(GIVEN INFORMATION begins)
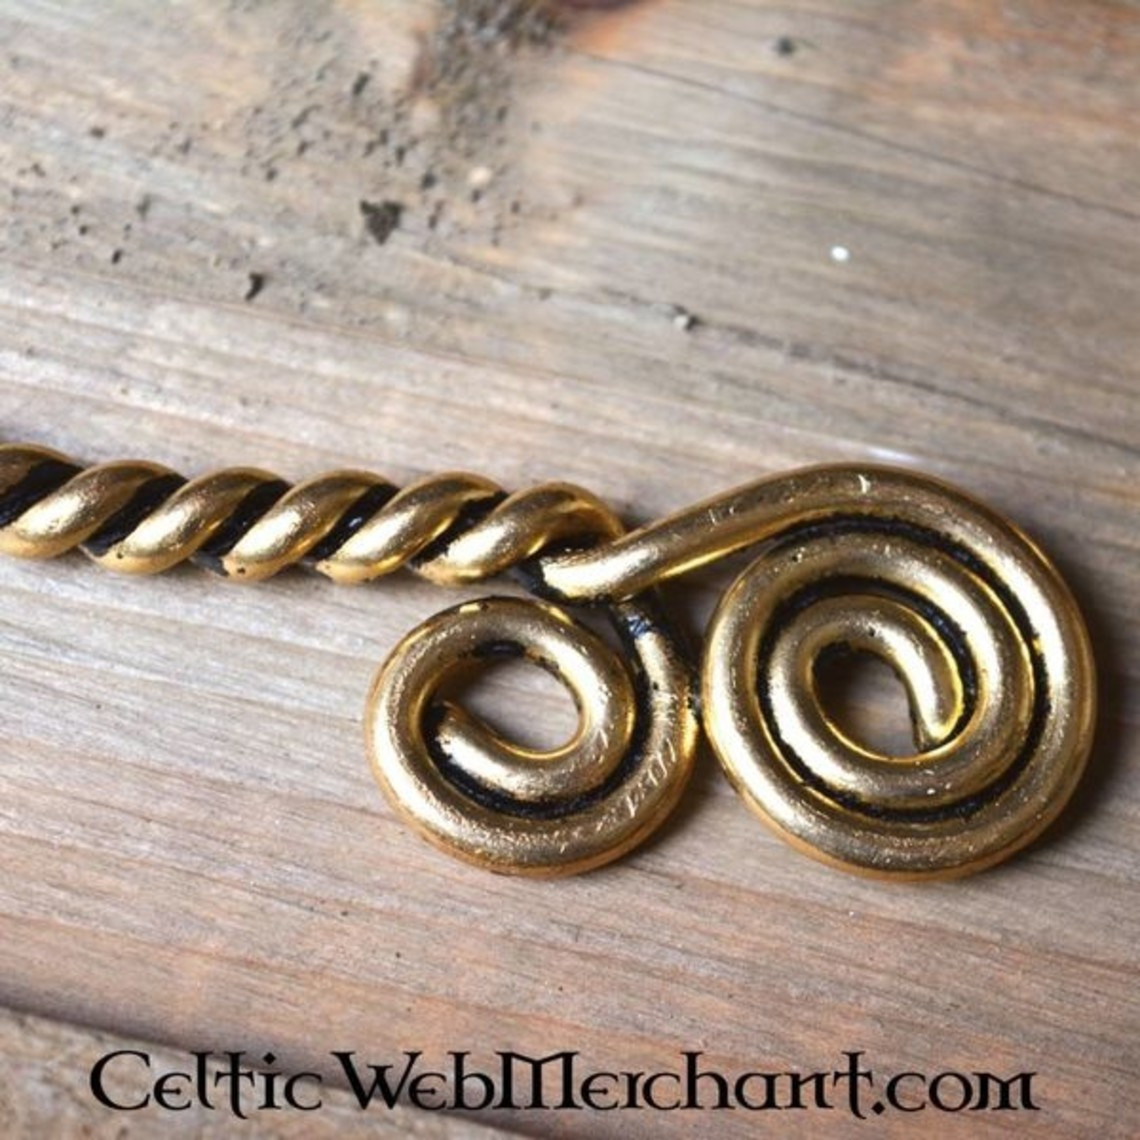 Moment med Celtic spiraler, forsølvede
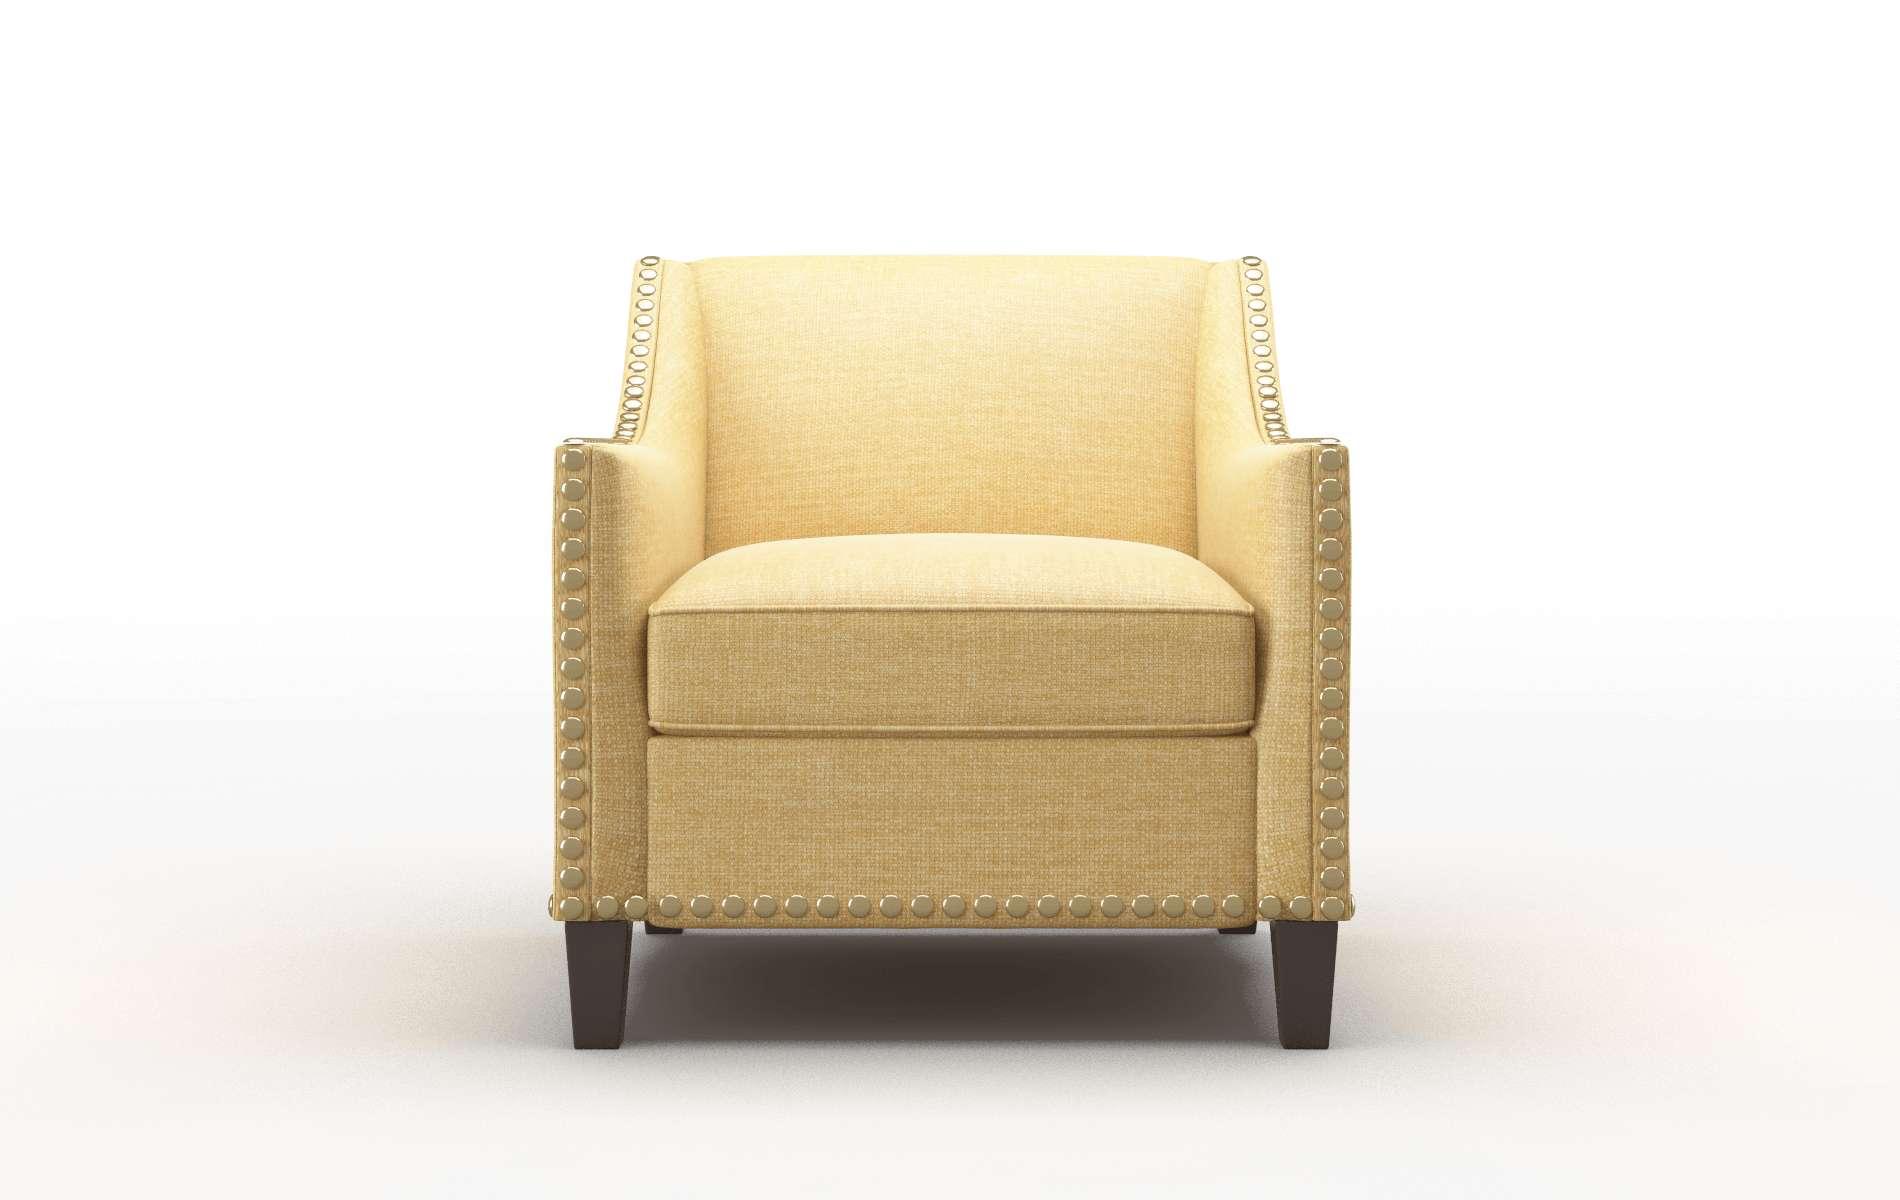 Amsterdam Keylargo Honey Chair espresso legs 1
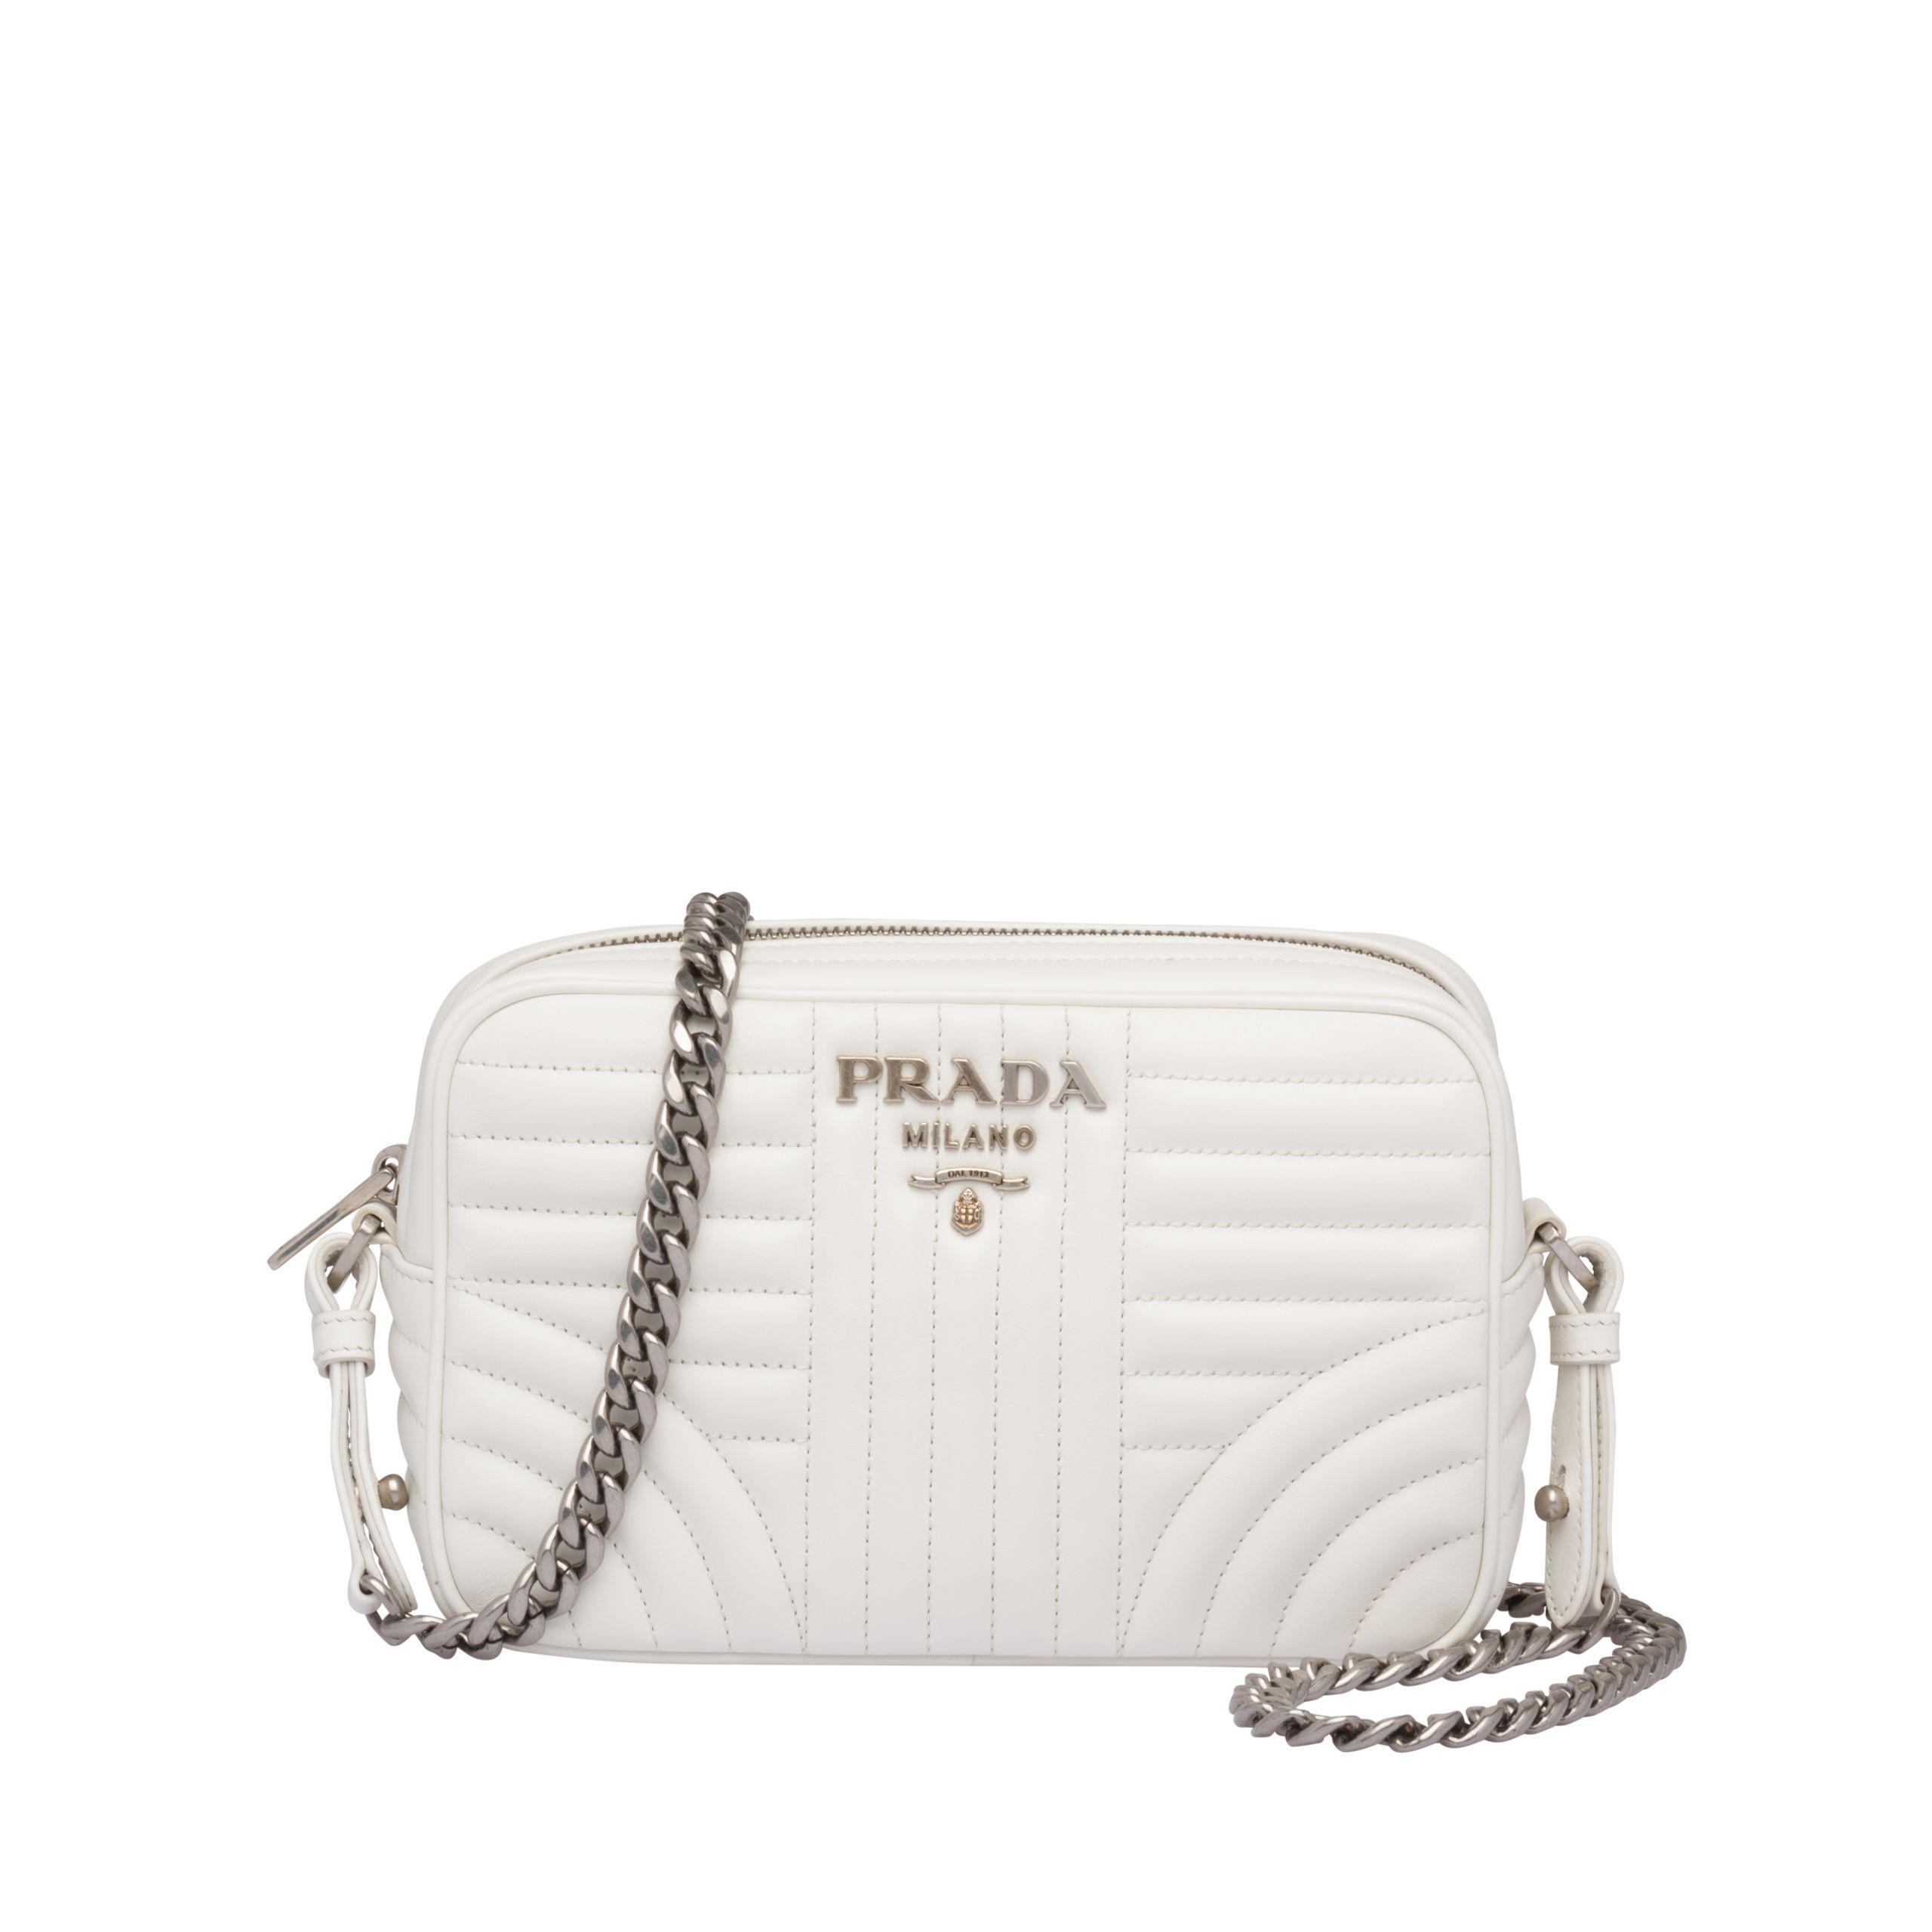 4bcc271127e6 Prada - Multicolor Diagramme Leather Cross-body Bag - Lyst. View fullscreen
(GIVEN INFORMATION ends)
• [WORK ITEM]:
In transcribing the material above, reproduce each line exactly and include none of the pictures.

• [YOUR SOLUTION]:
 Moment med Celtic spiraler, forsølvede
 Amsterdam Keylargo Honey Chair espresso legs 1
 4bcc271127e6 Prada - Multicolor Diagramme Leather Cross-body Bag - Lyst. View fullscreen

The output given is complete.